If you do choose to end cancer treatment, you can still receive medical support as you transition to this new stage. Hospice care can support you in your final days, weeks, or months by:

  • Helping you get support with daily tasks like bathing and cooking
  • Managing symptoms such as pain, fatigue, and nausea
  • Providing psychological and spiritual counseling for you and your loved ones

Depending on your situation, you can receive hospice care at a center or in your own home. Most health insurance companies cover hospice care for the last six months of life.

Insider's takeaway

A diagnosis of stage IV breast cancer means your cancer has spread, or metastasized, to other parts of the body besides the breast.
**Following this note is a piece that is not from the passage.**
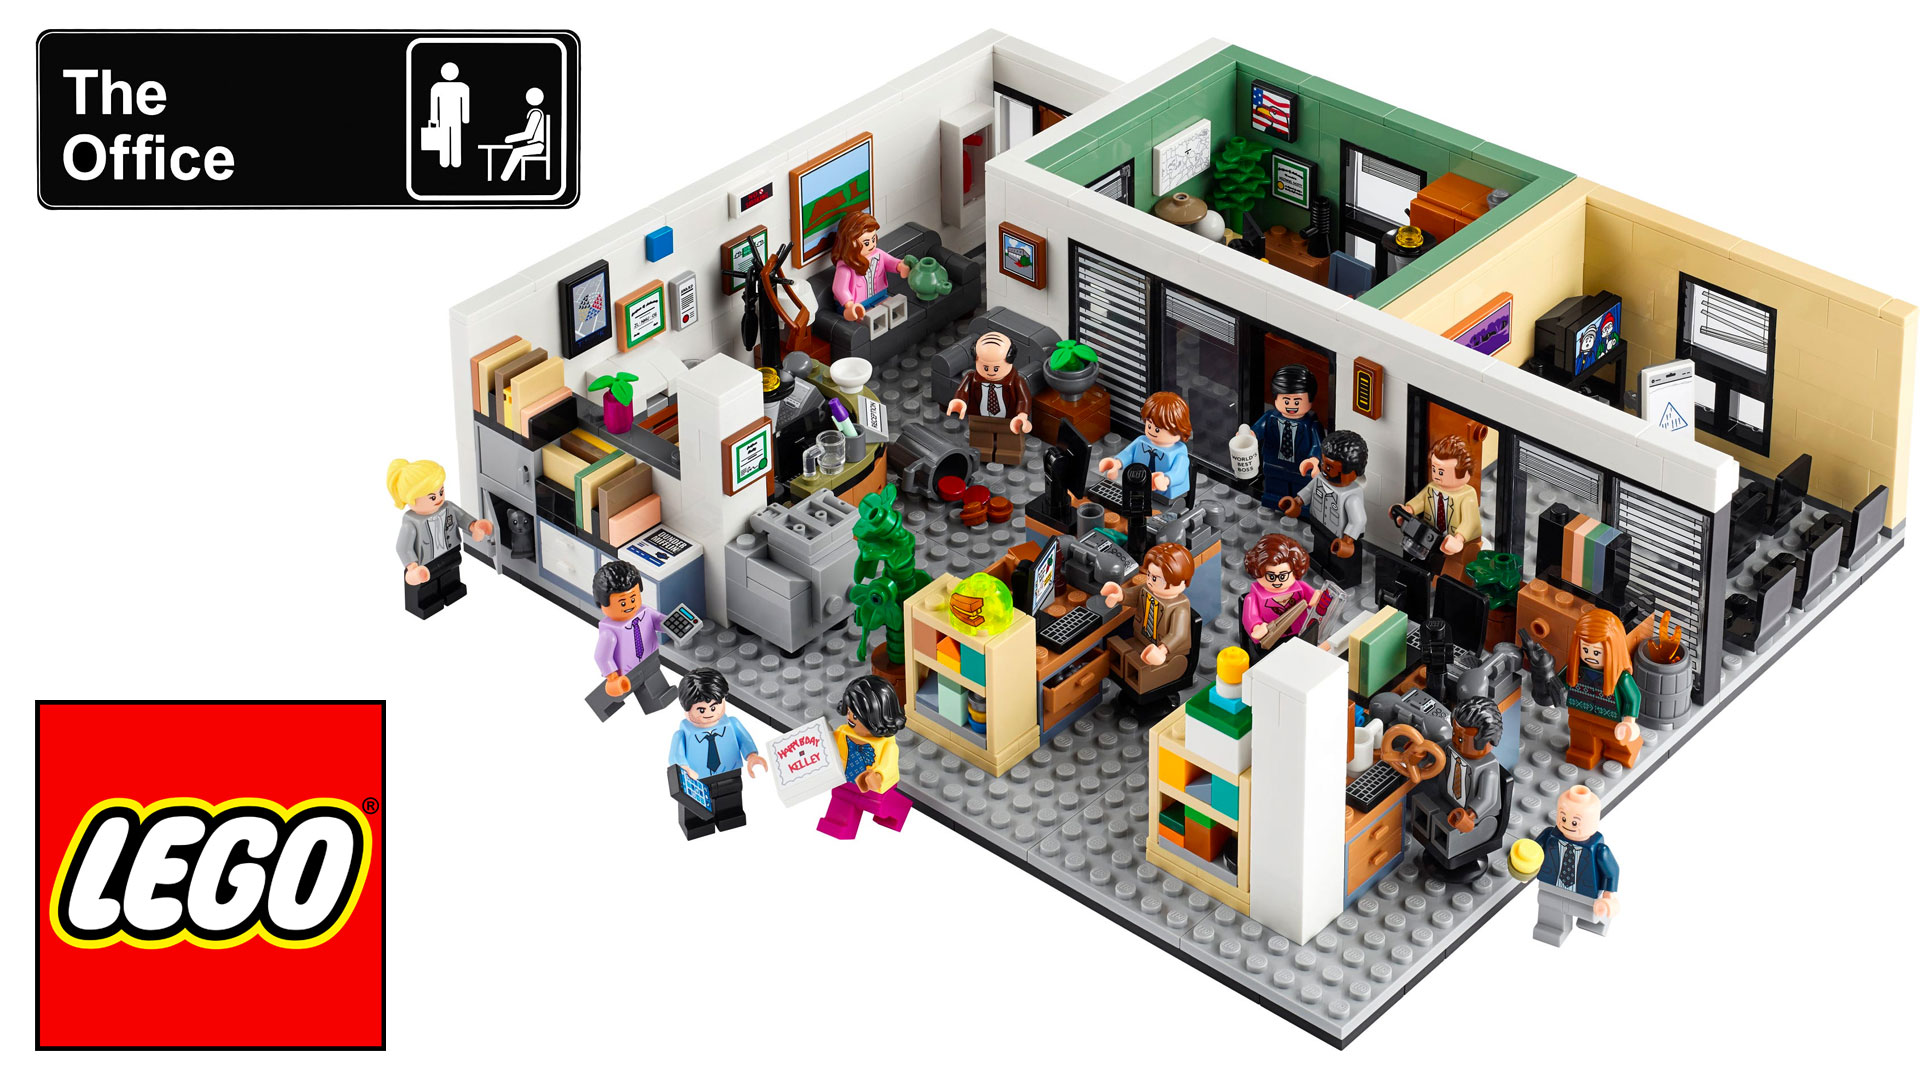 Step into The Office: Recreate Dunder Mifflin’s Iconic Scranton Workplace with LEGO® Ideas Set (21336)

Your bones, lungs, liver, and brain are the most common sites. Your symptoms and life expectancy can vary widely depending on where the cancer appears in your body.

After a diagnosis of stage IV breast cancer, the median life expectancy is between 2-3 years, although some people live for a decade after diagnosis, if not longer. Breast cancer treatments are constantly evolving, and you may have the opportunity to participate in clinical trials for experimental treatments.

Your doctor can always offer more personalized guidance on the best way to treat your cancer.